# The Torque Slingshot Chinese version



## IOAN (May 25, 2020)

Hello! I received The Torque Slingshot in the Chinese version, it is narrower by four millimeters. Otherwise it is identical. It is cast in resin. Next to it is the slingshot I made at the competition in February and about which no one said anything, not even good, but especially I would have wanted

something critical. :banghead:


----------



## skarrd (Jul 20, 2011)

nice on all 3,i do like the frame style,and the one you made was awesome.


----------



## cromag (Jan 17, 2021)

The Chinese probably figure if they can save 4mm on each one after they make 100 one is for free  I recently picked one up and it shoots nice so i made a copy of it myself out of walnut and a cutting board. Not as true to the original as yours.


----------



## skarrd (Jul 20, 2011)

torque is one of my favorite SS,my Grand daughters as well,she lets me shoot it sometimes when i visit,lol. will probably pick up another one this year,maybe even make a copy,hmmmm


----------



## Reed Lukens (Aug 16, 2020)

IOAN said:


> Hello! I received The Torque Slingshot in the Chinese version, it is narrower by four millimeters. Otherwise it is identical. It is cast in resin. Next to it is the slingshot I made at the competition in February and about which no one said anything, not even good, but especially I would have wanted
> something critical. :banghead:
> 
> 
> ...


Yours looks great :headbang:


----------



## David D (Oct 20, 2020)

Really nice work. Is yours cast or machined? I have a Simpleshot one and I really like it.


----------



## IOAN (May 25, 2020)

David D said:


> Really nice work. Is yours cast or machined? I have a Simpleshot one and I really like it.


Mine is 3d printed


----------



## David D (Oct 20, 2020)

IOAN said:


> David D said:
> 
> 
> > Really nice work. Is yours cast or machined? I have a Simpleshot one and I really like it.
> ...


Didn't think of that. Probably easier than casting. I have seen lots of schematics for 3-D slingshots but have not tried it yet. The local library has a machine and they take orders for things people want made. One more thing to try.


----------



## skarrd (Jul 20, 2011)

i liked your Vampire SS in the ssotm as well,the frame shape is one of my favorites,,he carving was wicked!


----------



## IOAN (May 25, 2020)

skarrd said:


> i liked your Vampire SS in the ssotm as well,the frame shape is one of my favorites,,he carving was wicked!

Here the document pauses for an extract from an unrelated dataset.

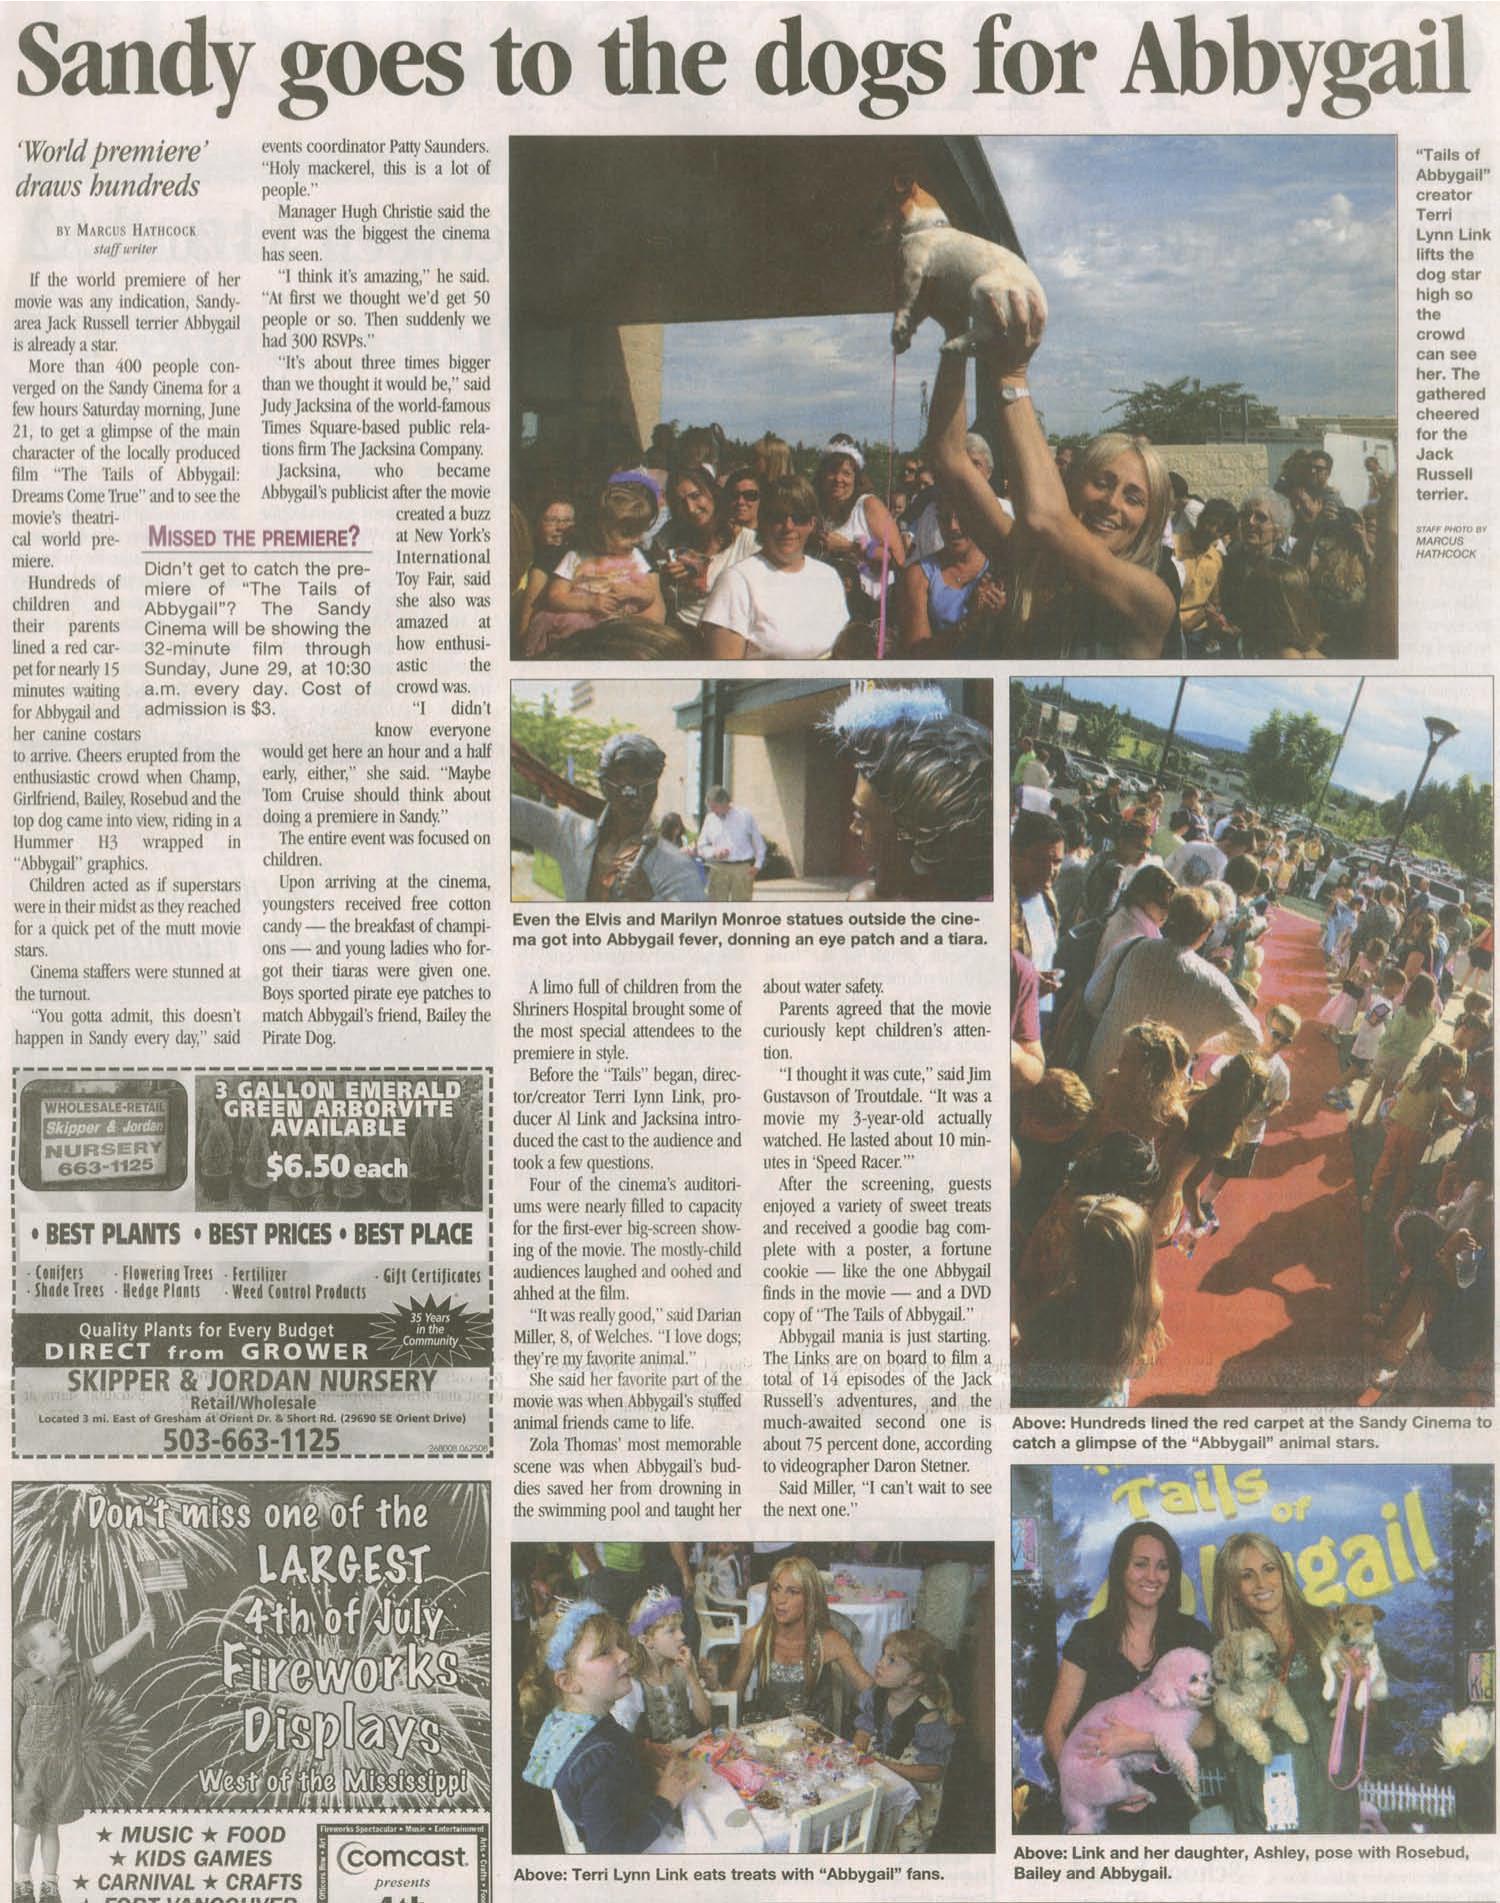 Abbygail Premier Article in Sandy Post

I would be happy to tell you why sculpture is not good.


----------



## Slide-Easy (Aug 16, 2020)

IOAN said:


> Hello! I received The Torque Slingshot in the Chinese version, it is narrower by four millimeters. Otherwise it is identical. It is cast in resin. Next to it is the slingshot I made at the competition in February and about which no one said anything, not even good, but especially I would have wanted
> 
> something critical. :banghead:
> 
> ...


Imitation is the greatest form of flattery...but still an ugly fork. Look at this thing with huge, crazy slotted screws.


----------



## Slide-Easy (Aug 16, 2020)

cromag said:


> The Chinese probably figure if they can save 4mm on each one after they make 100 one is for free  I recently picked one up and it shoots nice so i made a copy of it myself out of walnut and a cutting board. Not as true to the original as yours.
> 
> 
> 
> ...


Reminds me of target grips on a square framed S&W model 586. Nice looking fork.


----------



## cromag (Jan 17, 2021)

Funny you sho



Slide-Easy said:


> cromag said:
> 
> 
> > The Chinese probably figure if they can save 4mm on each one after they make 100 one is for free  I recently picked one up and it shoots nice so i made a copy of it myself out of walnut and a cutting board. Not as true to the original as yours.
> ...


Funny you would say that , I thought the same thing when I began to Tru-oil it.


----------



## skarrd (Jul 20, 2011)

IOAN said:


> skarrd said:
> 
> 
> > i liked your Vampire SS in the ssotm as well,the frame shape is one of my favorites,,he carving was wicked!
> ...


----------



## High Desert Flipper (Aug 29, 2020)

I like both of yours. The walnut is a beauty. Why the pi symbol in the one you printed?


----------



## IOAN (May 25, 2020)

High Desert Flipper said:


> I like both of yours. The walnut is a beauty. Why the pi symbol in the one you printed?


My signature.


----------



## hoggy (Apr 17, 2017)

IOAN said:


> Hello! I received The Torque Slingshot in the Chinese version, it is narrower by four millimeters. Otherwise it is identical. It is cast in resin. Next to it is the slingshot I made at the competition in February and about which no one said anything, not even good, but especially I would have wanted
> 
> something critical. :banghead:
> 
> ...


i did not see yours before, but i will say now that i'd shoot it


----------



## MOJAVE MO (Apr 11, 2018)

I th



IOAN said:


> Hello! I received The Torque Slingshot in the Chinese version, it is narrower by four millimeters. Otherwise it is identical. It is cast in resin. Next to it is the slingshot I made at the competition in February and about which no one said anything, not even good, but especially I would have wanted
> 
> something critical. :banghead:
> 
> ...


I think that is a good looking frame. You 3d guys are impressive. Also the contest you entered this frame was the January SOTM. I saw some nice comments following you post. Many of us won't quote a posting but simply provide a like and a comment following your post. Applause is nice, but applesauce is better.


----------



## IOAN (May 25, 2020)

MOJAVE MO said:


> I think that is a good looking frame. You 3d guys are impressive. Also the contest you entered this frame was the January SOTM. I saw some nice comments following you post. Many of us won't quote a posting but simply provide a like and a comment following your post. Applause is nice, but applesauce is better.


Perfectly true! Thanks!


----------